Special Issue: Machine Learning for Complex Systems Modelling and Control

Guest Editors

Prof. Antonello Rizzi
Information Engineering, Electronics and Telecommunications Department University of Rome "La Sapienza", Italy
Email: antonello.rizzi@uniroma1.it


Dr. Alessio Martino
Institute of Cognitive Sciences and Technologies (ISTC-CNR) - Italian National Research Council, Italy
Email: alessio.martino@istc.cnr.it

Manuscript Topics
Complex systems are everywhere in nature and are by far more common than ‘simple’ ones, which are the true outliers in our world.


In short, a complex system can be characterized by a network of many atomic interacting elements, each of which performs a (usually non-linear) functional role. Dually, a complex system can be viewed as a multi-layered structure where each layer is composed by some sort of aggregation of previous level entities. For example, proteins do interact each other to give rise to an organized metabolism, while at the same time each protein (a single node of such interaction network) is itself a network of interacting amino-acid residues.

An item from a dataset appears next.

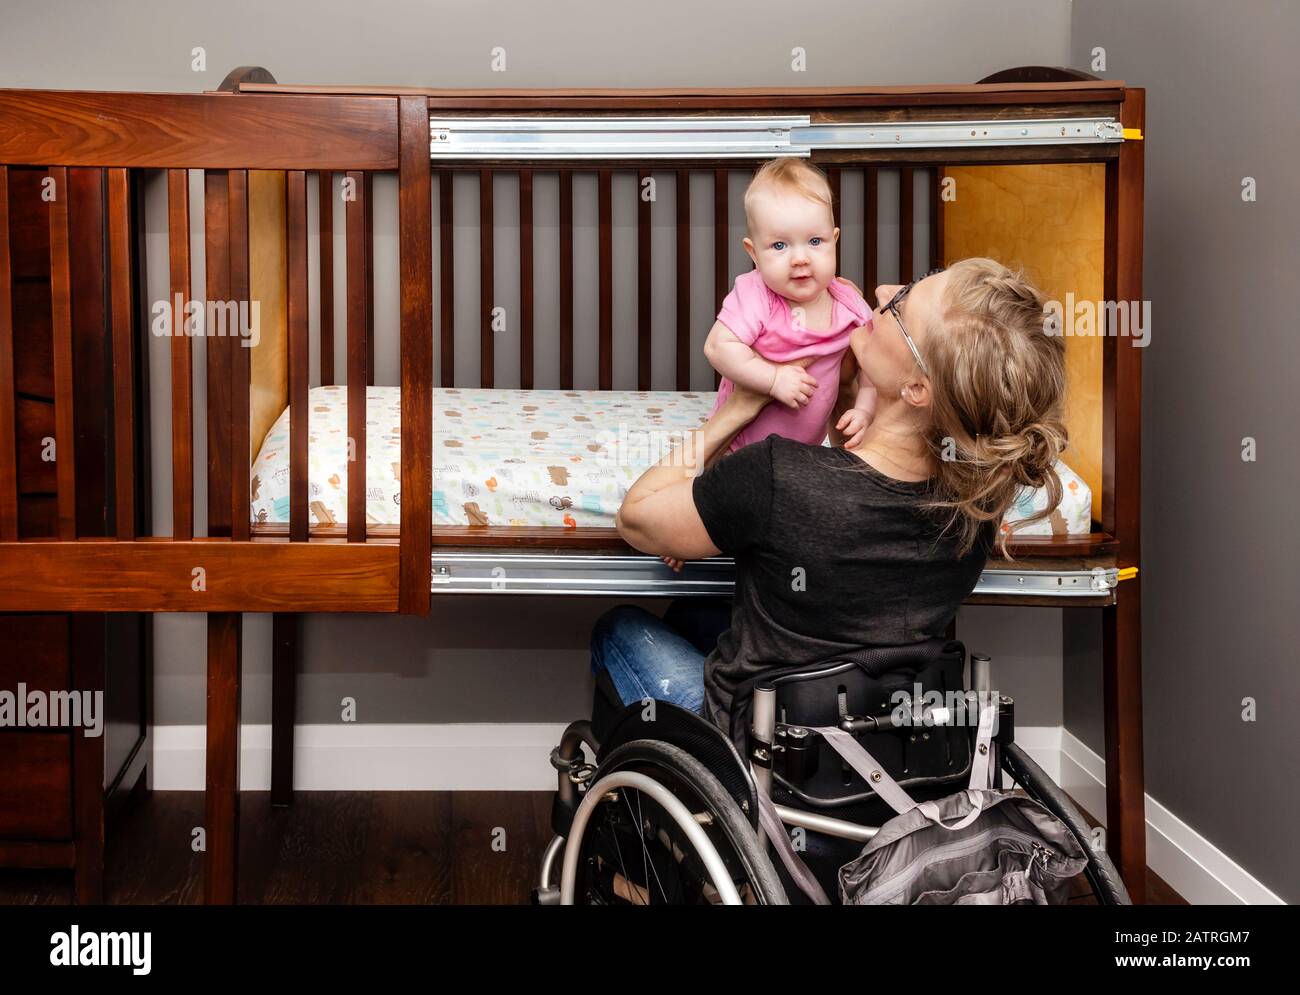 A paraplegic mother lifting a baby from a customized side-opening crib that allows her to put her baby down for a nap from her position in a wheelc... Stock Photo

Building predictive models of such complex systems is a challenging task, yet of utmost importance for advancements in natural sciences (e.g., physics, biology, neurosciences), as well for achieving technological goals (e.g., cybersecurity, natural language processing, clinical diagnostic systems, precision medicine, smart grids, intelligent transportation systems).


In the last decade, machine learning and computational intelligence techniques emerged as powerful tools in order to model input-output relationships derived from (usually non-linear) processes that are not known in closed form. However, since modelling complexity demands complexity, naïve approaches such as a mere sampling of real-valued measurements and their concatenation in a feature vector are often ineffective as this would lead to a huge information loss which, in turn, might compromise the modelling capabilities.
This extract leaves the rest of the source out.